We need to discover something akin to the ‘spirit of 45’ if we are to replace our ‘failure state’ with a ‘success state’

0 comments

Estimated reading time: 5 minutes

Adam-LentsmIn response to Ken Loach’s new film Spirit of ’45, Adam Lent makes the case that the popular narrative of social change expressed in the film is mistaken. The social state established by the postwar Labour government of 1945 is not in decline but rather has continued to grow. He argues that we must now find a unifying ideal, with the same power as the ‘Spirit of 45’,  in order to make the necessary transition from a state designed to  ameliorate failure to one which generates success.

All credit to Ken Loach for directing our attention back to the epoch-shaping Labour Government of 1945. It speaks to a time when many fear that the last vestiges of what Attlee, Bevan and Dalton built are being torn down. The truth is, however, that the narrative behind the longing for the ‘Spirit of 1945’ is wrong. Political values may have shifted unrecognisably from that period but in terms of cold hard cash, Beveridge and Attlee remain the towering figures of our age. In fact, their importance has only grown.

The three areas that the Attlee Government hard-wired into the fabric of state provision were pensions, healthcare and social security. A brief look at the change in the share of public spending going to these areas reveals why, far from fading, the ‘Spirit of 1945′ is in the sort of health that would make Nye Bevan proud:

Screen Shot 2013-03-26 at 09.26.32

The trend is incontrovertible and, as the right hand column shows, the growth is not the result of ‘Beveridge spending’ taking a bigger share of a shrinking state.
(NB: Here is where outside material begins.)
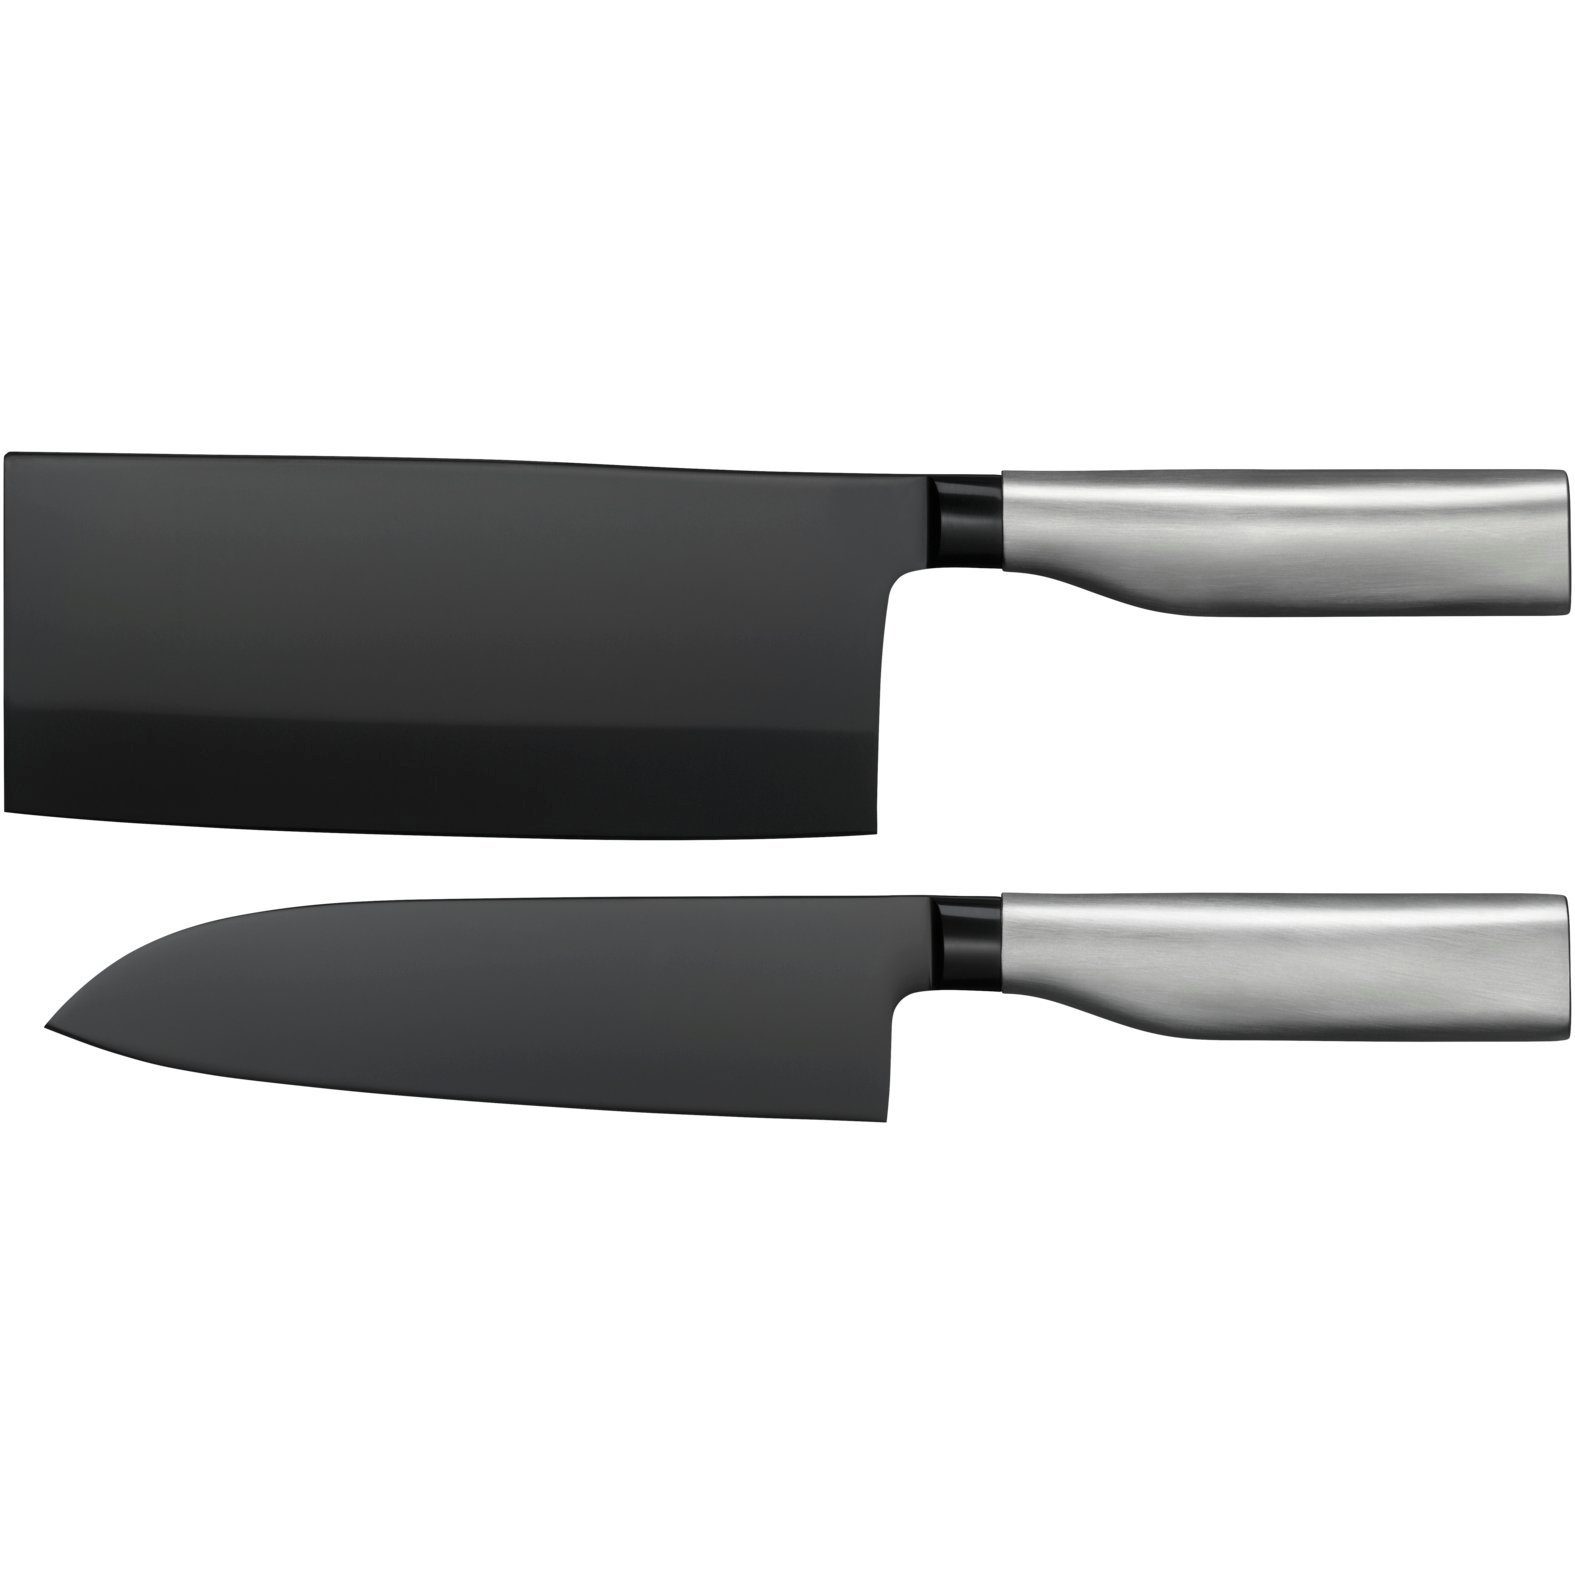 WMF Messer-Set Ultimate Black (2-tlg), Diamond Cut, immerwährende Schärfe, sicherer Fingerschutz

There is also no sign that the growth will reverse given an ageing population, growing demand on the NHS and the higher unemployment rates we have experienced since the mid-1970s.

So the real challenge is not how we return to some lost world of pre-Thatcher glory but how we maintain a civilised and just society when the mechanism established under Attlee to do this has become unsustainable. As the FT columnist Janan Ganesh wrote last year:

 Seventy years on, the benevolent thrust of the Beveridge report jars with the recent resurgence of the defining problem of economics: scarcity. But the intellectual boldness of the document is what the age requires. The UK needs an equivalent of the report from the opposing perspective – a strategic vision of the state that seeks to gradually contain its cost by narrowing its ambition.

The notion of the Big Society was, of course, supposed to do this rethinking. However, when one looks at the scale of growth in the table, the idea that a half-baked marketing concept might genuinely recast seventy years of the Beveridge behemoth was always ludicrous.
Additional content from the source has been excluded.